Un reproche revient souvent dans le discours des adversaires du garde des Sceaux : comment va-t-il pouvoir concilier son agenda de ministre avec celui de candidat ? "Que vont devenir les trois textes qu'il doit porter dans les prochaines semaines sur la justice de proximité, l'irresponsabilité pénale et la réforme de la justice. Comment va-t-il pouvoir être au Sénat, à l’Assemblée nationale et en campagne ?", s'interroge Pierre-Henri Dumont. 

Natacha Bouchart, la maire de Calais, vice-présidente de la région, et candidate dans le Pas-de-Calais pour Xavier Bertrand, affirme ne pas craindre la candidature d'"Acquittator". Elle espère juste que son arrivée ne participera pas à l'éparpillement des voix au profit du RN. Car, comme le ministre, elle fait de la lutte contre le RN son principal argument de campagne. "Ce qui me différencie de Dupond-Moretti, c'est que mon combat ne date pas d’hier matin. Cela fait plusieurs décennies que je combats l’extrême droite"

Enfin, Karima Delli, candidate de l'union de la gauche dans la région, déclare que cet épisode "ne change rien" et souhaite "laisser les combats de coqs aux intéressés : Xavier Bertrand, Eric Dupond-Moretti et Sébastien Chenu. Cette élection n'est pas un ring de boxe". Elle préfère mettre en avant "mon cap et ma belle liste". "Je m'adresse aux habitants de la région : je ferai mieux que Xavier Bertrand. Nous sommes prêts à gouverner", déclare la députée européenne.  

"J’appelle tous les ministres battus à démissionner"

Avec l'arrivée de l'ancien avocat dans la campagne, ce sont trois ministres (avec Gérald Darmanin et Laurent Pietraszewski) du gouvernement de Jean Castex qui sont désormais impliqués dans la campagne des régionales dans les Hauts-de-France. Dans la loi française, rien n'empêche un ministre d'être maire ou président de région. Néanmoins depuis plusieurs années cette pratique n'est plus à la mode dans les gouvernements. Réélu maire de Tourcoing lors des dernières élections municipales, Gérald Darmanin a laissé son poste pour rester ministre de l'Intérieur.
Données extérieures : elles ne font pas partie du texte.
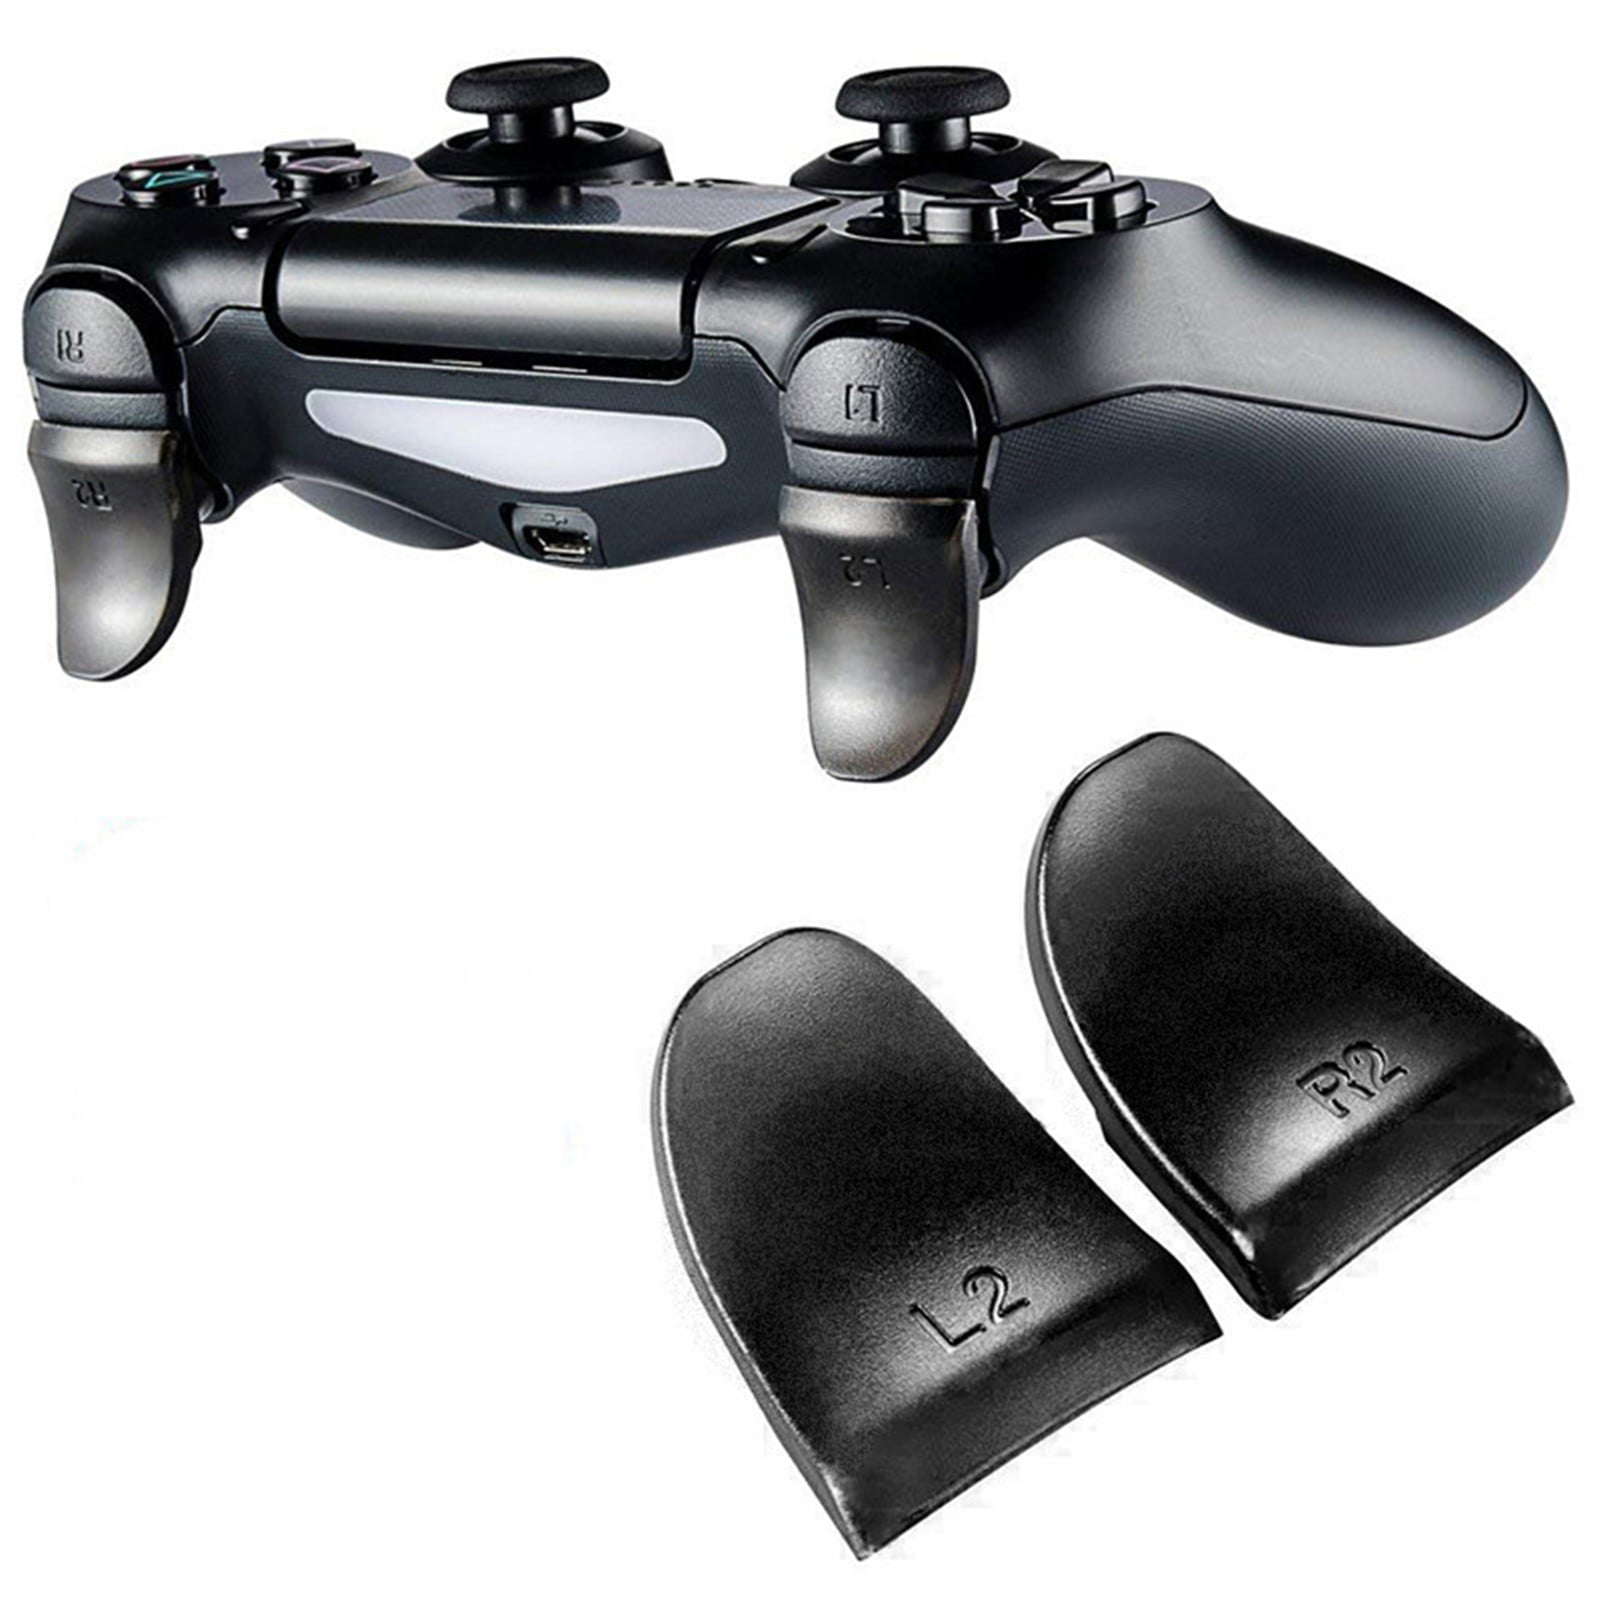 Black ABS Metal 2pcs Perfect Replacement Part 3D Controller Joystick for Playstation 4 PS4 Black

Sûrement qu'il fera de même s'il est élu dans le Nord, dans le canton de Tourcoing. Laurent Pietraszewski a d'ores et déjà annoncé qu’il démissionnerait de son poste de secrétaire d'État chargé des Retraites et de la Santé au travail s’il l’emporte lors de la prochaine élection.

Rien n'oblige également les ministres, s'ils sont battus, à démissionner de leur poste de ministre ensuite. "J’appelle tous les ministres à respecter cette tradition républicaine de démissionner quand ils sont battus", se projette déjà de son côté le député du Pas-de-Calais Pierre-Henri Dumont (LR), sûr de la force de son candidat. Les élections régionales auront lieu les 20 et 27 juin prochains.